One of the first investments from the Quantum Valley Investments technology fund is ready to exit "stealth mode" with a system that reinvents the way consumers can use wireless spectrum.

QVI was created in 2013 by BlackBerry Ltd. founder Mike Lazaridis with long-time colleague Doug Fregin, and has committed $100-million to help found the next generation of computer tech in Ontario through practical applications of quantum physics. One of the companies it funds, Cognitive Systems Corp., has developed new hardware called Amera that can identify wireless signals emitted by smartphones, cell towers, routers and other devices in a home or business to provide physical and digital security.

What that means is that wireless spectrum, now used mainly to send data between devices, can be used as a motion sensor that can "see" through walls, and even as a sort of invisible fence that can alert people to the presence of unwanted networks or devices.

"Wireless is a form of light. When we move through it, we cause reflections, that also produces a sense of being able to look at motion," Cognitive co-founder Taj Manku said.

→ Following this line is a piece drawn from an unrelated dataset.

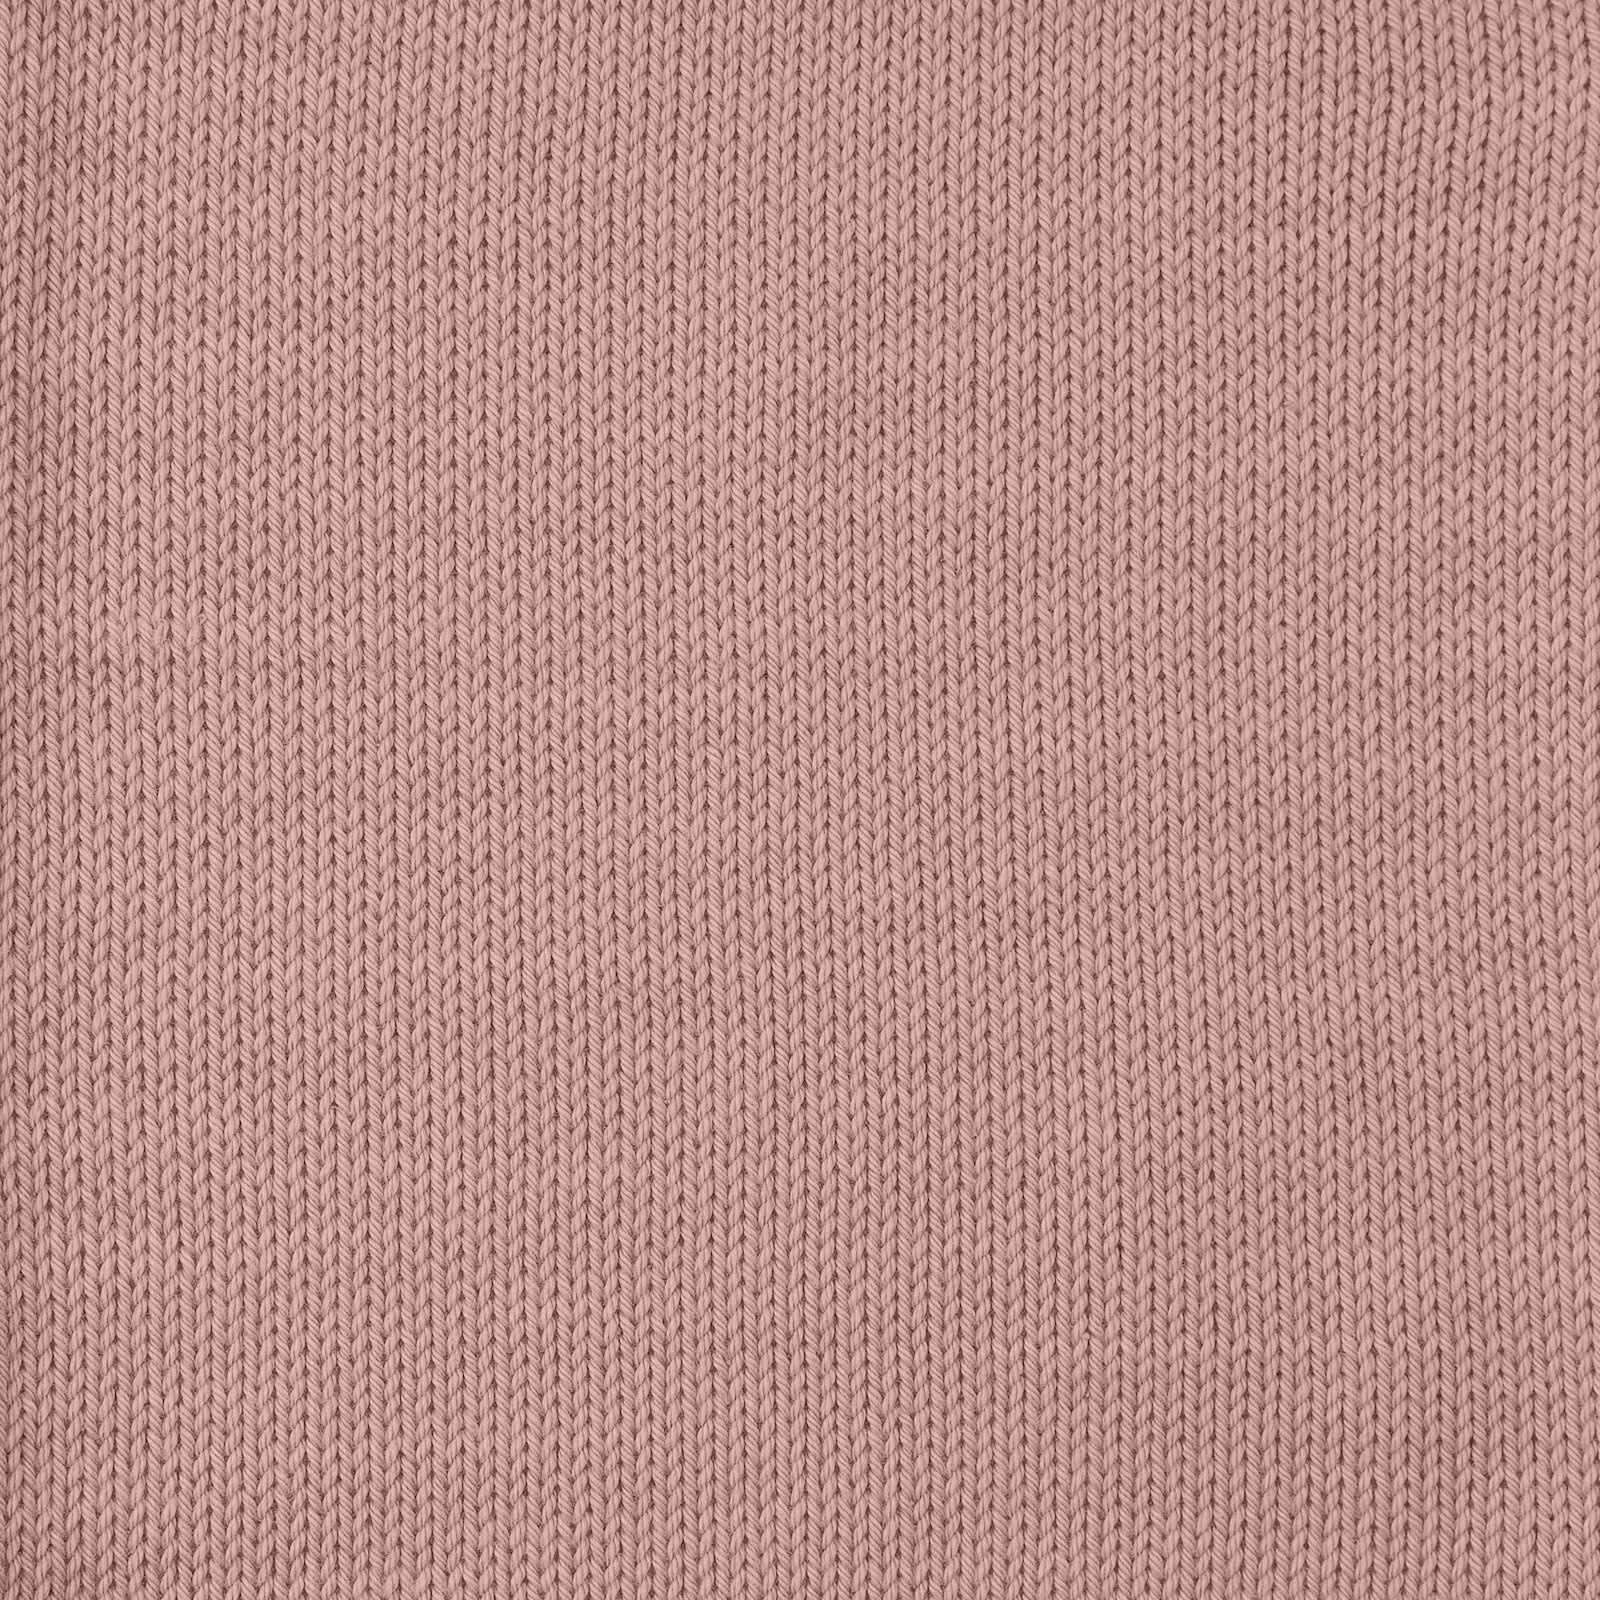 FRAYA, 100% cotton 8/4  yarn  "Colourful", old rose 90060008_sskit

The technology was developed by three BlackBerry veterans, and the company is headquartered in the Westmount Road office building in Waterloo, Ont., that hosts QVI. "We were in deep stealth for 12 months," said Mr. Manku, whose co-founders include CEO Hugh Hind (former BlackBerry VP of wireless) and Oleksiy Kravets (former director of BlackBerry's advanced radio systems group).

Cognitive is now ready to announce its custom-designed hardware, which includes a new system on a chip it designed, its own cloud-computing system to process the data and its own software platform for building apps. There is no developer kit yet for third parties, but Cognitive plans to expand its own software for use in different industries in 2016.

Mr. Manku said that in prototype stage, Cognitive tested its ideas with off-the-shelf equipment at the cost of tens of thousands of dollars per rig. To make it commercially viable, Cognitive manufactures its own processor, called the R10, so it can sell a device that will cost in the hundreds of dollars range.

"Chip design is not something that a large number of companies were doing," said Mr. Manku, who founded and sold his own Waterloo-based semi-conductor company, Sirific Wireless, in the early to mid-2000s. He says the expertise to do it remains in the Waterloo area, including some of Cognitive's 50 employees.

These systems are not on sale to the general public yet, but Cognitive is already working with partners in the home and enterprise security industry with the expectation of shipping products in 2016.